I will not dwell on those days of weakness, and weeks of slow recovery, that were ended at last. I have said that that time, as I see it now, was a troubled evil dream, from which the awaking was calm and tranquil as the clear shining after rain. Yes, the shining came at last; the battle was won, because the strength that won it was not my own. Well, the day arrived—the wedding day—his and hers. I saw them kneeling side by side, and heard the words, “I, Arthur, take thee, Agnes, to be my wedded wife.” And in my heart I blessed them, him and her. And so they went away to London, and I tried to fill her place at home; tried to be to them what she had been; and they were very kind and patient with me, and would not let me see how sadly they missed her.
Nearly twenty years have come and gone since then, and many things are changed. My father and stepmother are sleeping side by side in the quiet village churchyard at Riverbank. The old Hall has been sold; but, as the new owner is now abroad, it has a melancholy, deserted look.
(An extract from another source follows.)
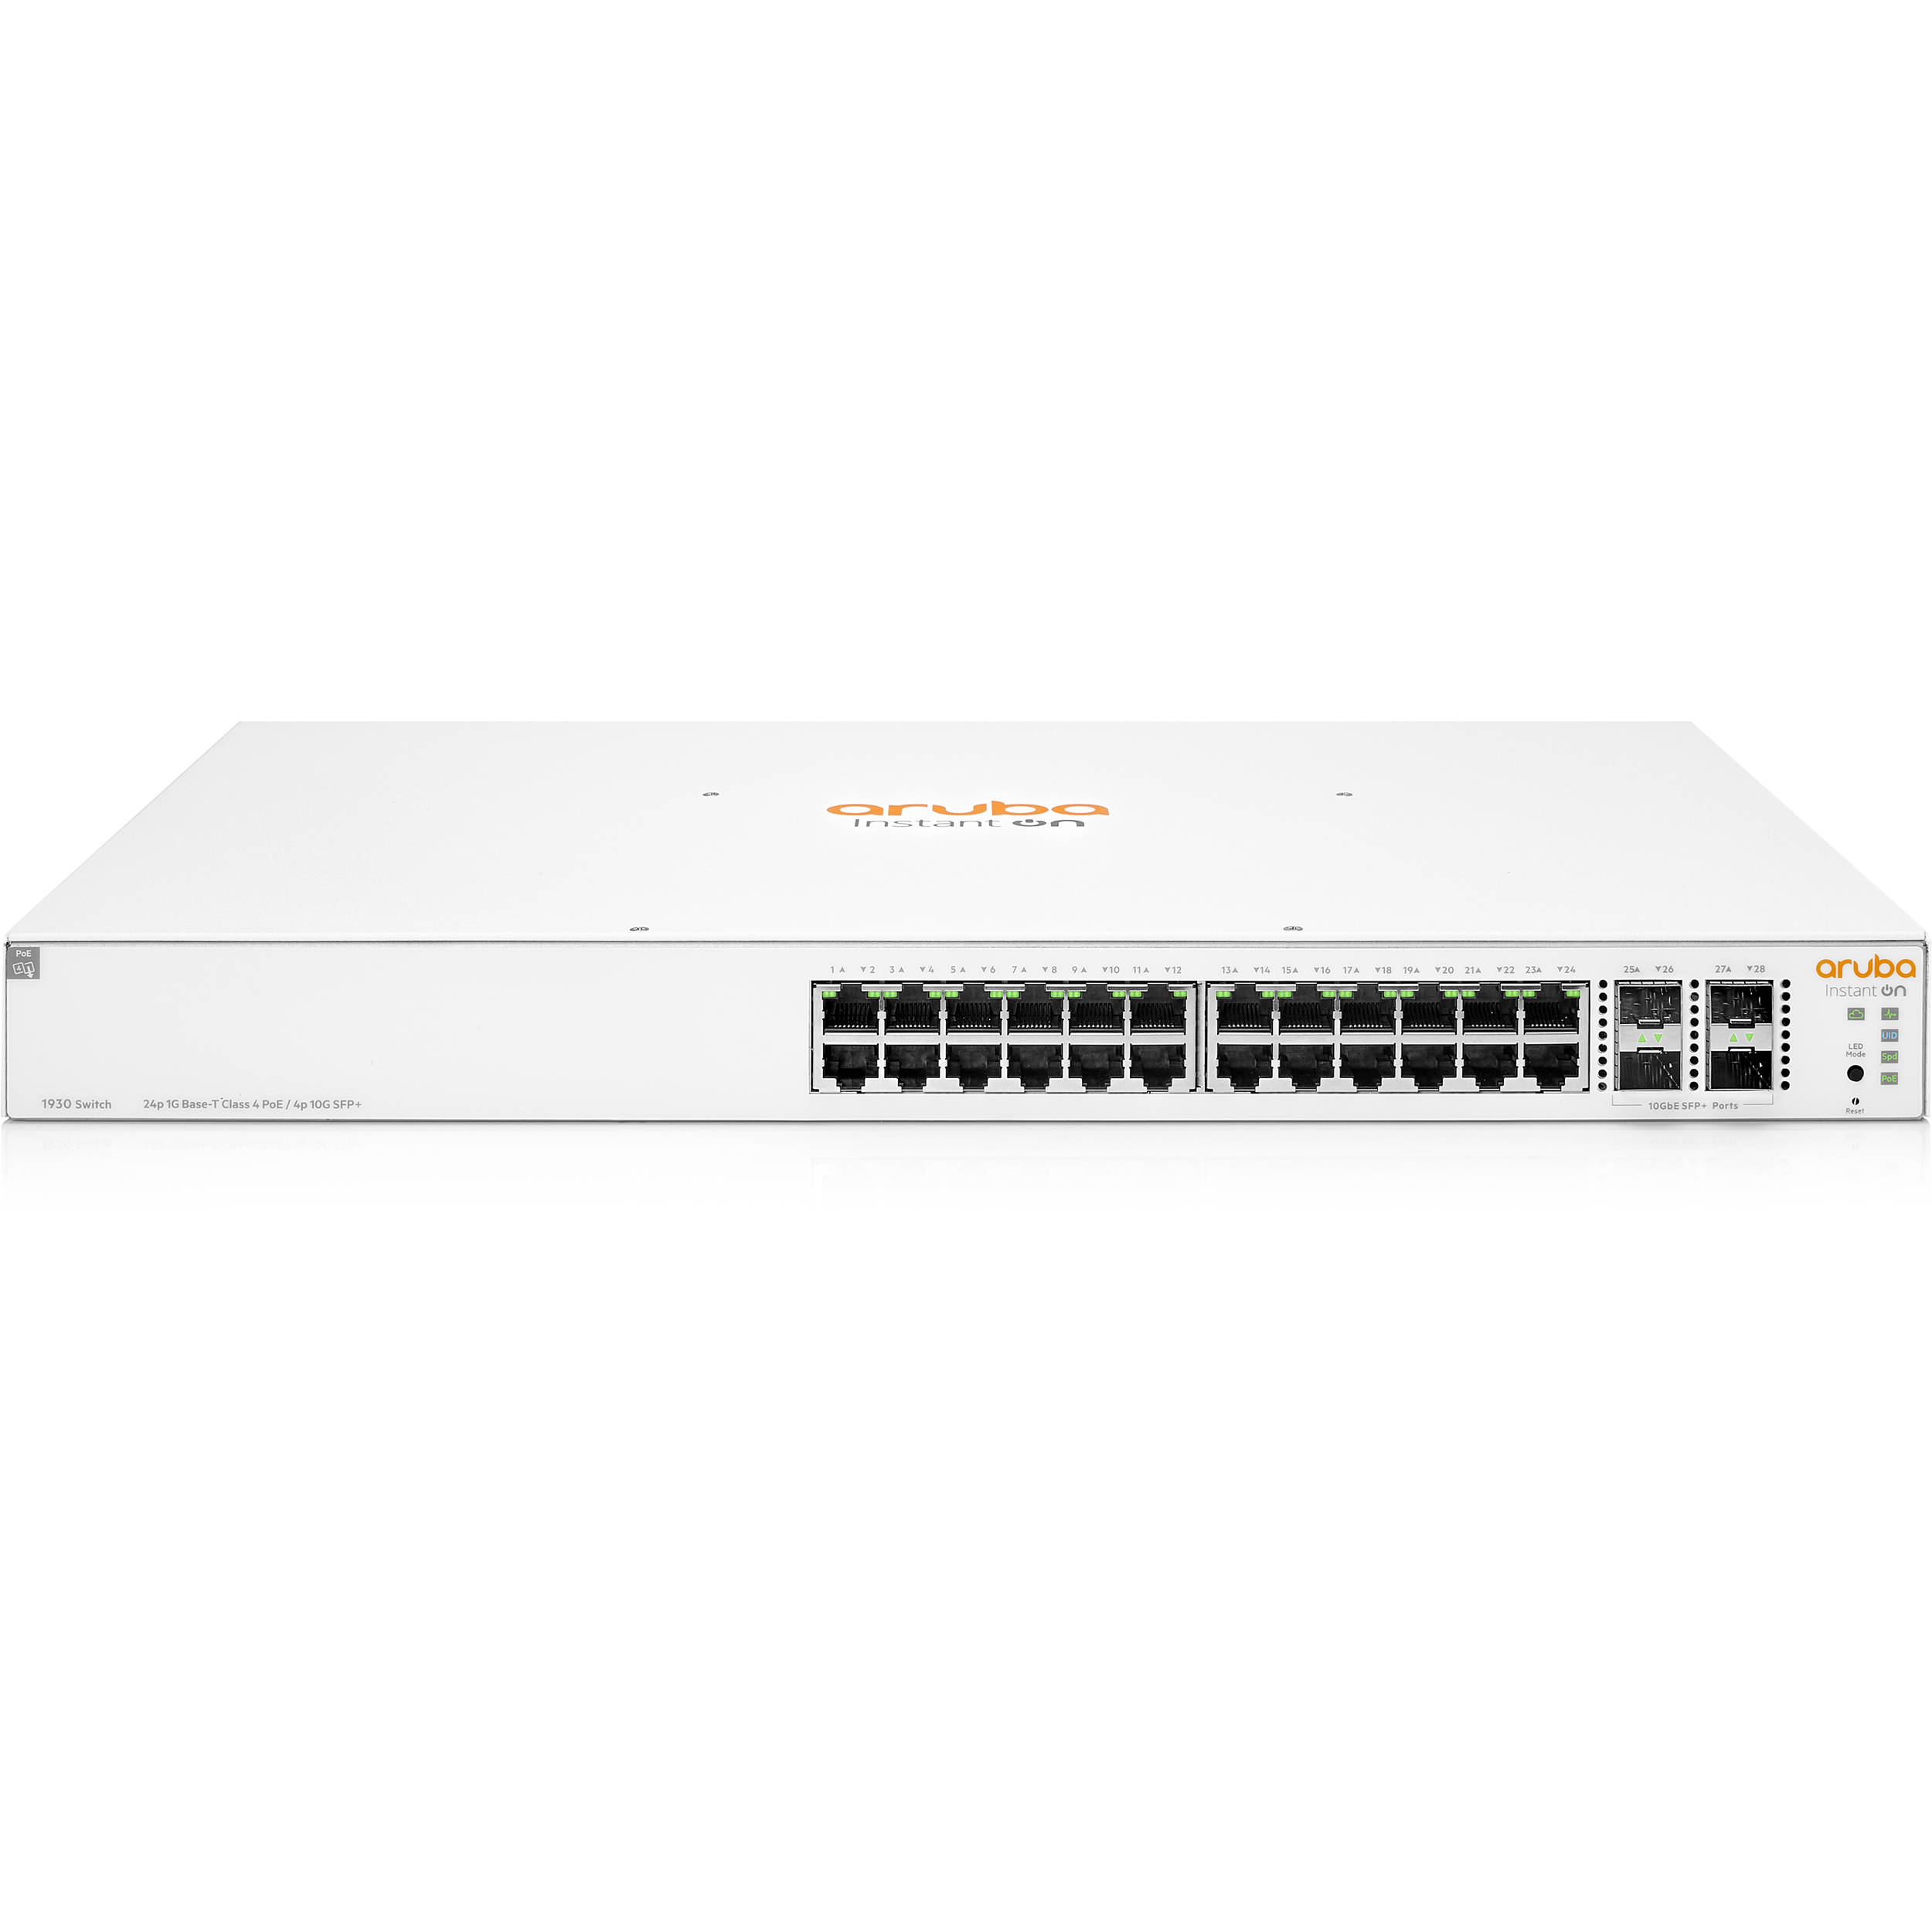 JL684A | 24-Port Gigabit PoE+ Compliant Managed Switch with 10Gb SFP+

Arthur and Agnes have a sunny little home in Devonshire. They are very happy in each other; very happy in their one child, whom they have named Heffie. She is now a fair girl of eighteen, with the image of her mother’s youth upon her. And as I gaze into the blue depths of those true, earnest eyes, I think, half-mournfully, half-thankfully, of the old days at Riverbank.
Aunt Rachel has left her pretty cottage at Ashwood, for the new rector and his wife have begged her to make her home with them, the rector’s wife being Cousin Lucy.
And I, reader? my home is a small lodging in a quiet street in London—London, “that gathering-place of souls,” as Mrs. Browning has I have only two rooms; but they are snug and pleasant enough. And here I live, and write books, and make verses, very thankful if now and then I am allowed to add my little drop of help or comfort to the sea of human charity around me. And I am happy; for though my cup may never be full to the very brim, still I know it is fuller (how much fuller!) than I deserve.